Multilingual voices are present in Global Language Justice. Take, for instance, these lines by the Indigenous American poet, Orlando White: “The way a word tries to breathe inside a closed book; the way a letter shivers when a page is turned.” Or these lines from the Chinese poet Yongming Zhai, mourning the accelerated death of the world’s languages: “Every two weeks one of them dies, I fly after them like a bird, but they’re dying faster than I can catch them, each with its own inherited codes, cycles and types.”
How can we see language justice in action in New York?
Two of the book’s contributors, Daniel Kaufman and Ross Perlin, bring the issue to New York. Their chapter details their work at the Endangered Language Alliance to map the languages of New York City, home to incredible linguistic diversity. An astonishing statistic: There are currently over 700 languages spoken by at least one person in the New York metropolitan area. Kaufman and Perlin analyze the complications and the significance of categorizing this diversity. They write about how a journalist documenting the effects of the pandemic centered Indigenous communities in Corona, Queens, and cited the ELA map; and they also describe a child’s sense of discovery when he saw his parents’ language represented on the map in the South Bronx.
Anything you would like to add about the book?
We want to mention Maria Bo’s chapter, as well as Wesley Leonard’s chapter. Bo, a professor at California State University, Fullerton, interrogates the concept of equal rights, and submits it to the multilingual test, as she seeks to illustrate irreconcilable tensions in our reliance on equal rights to argue for linguistic justice. Does the individual or a linguistic community bear legal rights in regard to particular languages? She suggests that parity across difference rather than a model of competing equalities might be what’s required for the robust practice of language justice.
Leonard, a professor at the University of California, Riverside, and a member of the Miami Tribe of Oklahoma, discusses in his chapter the Indigenous language of the Miami people. He argues that as long as the myth of a pure, unchanging Native American language holds sway, the dynamism that characterizes language reclamation as an essential aspect of broader claims to political selfhood and multicultural identity will continue to be ignored or denigrated as inauthentic.
What is it like to put together a book with three editors? How does that work?
Global Language Justice has been a collaborative endeavor from start to finish.

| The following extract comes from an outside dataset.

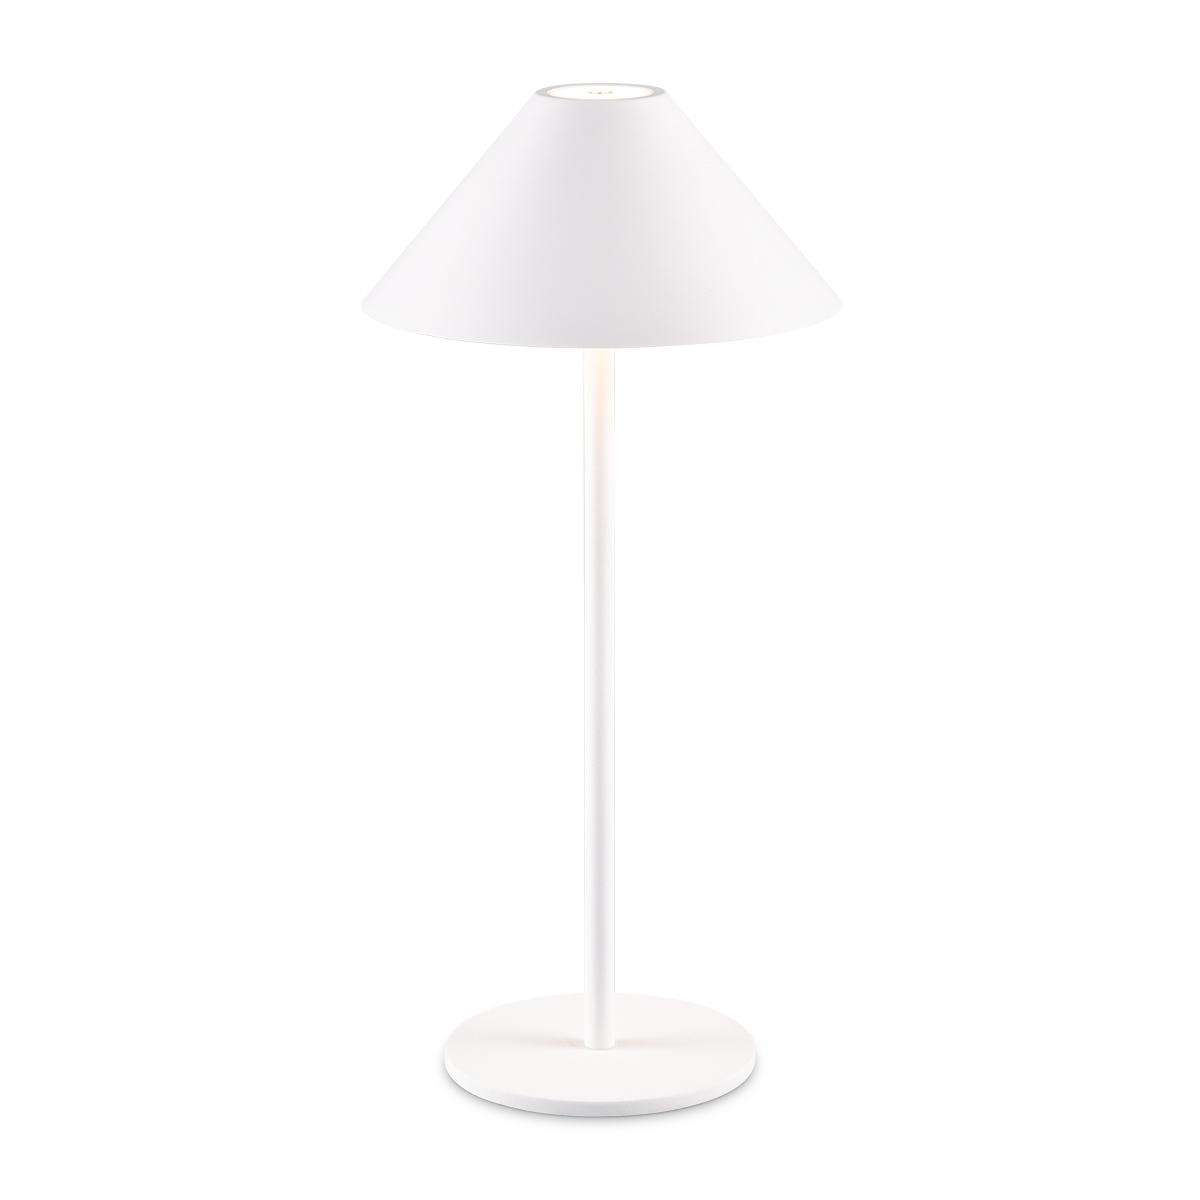 Tangla lighting - TLT7643-01WT - LED table lamp - rechargeable plastic and metal - white - umbrella

We’re incredibly grateful to all our contributors, from the authors and poets included in the volume, to the many others who were involved in the project and made vital contributions along the way. The editing process was a challenge, especially because much of it was carried out during the pandemic. Most of the communication was on Zoom or over email, and we had to adjust schedules based on other responsibilities at the time.
During the pandemic, so many forms of injustice surfaced with such acuity and violence. Working towards publication of the volume was a source of hope—a reminder of the power of collective conversations and commitments to bring us closer to a just world.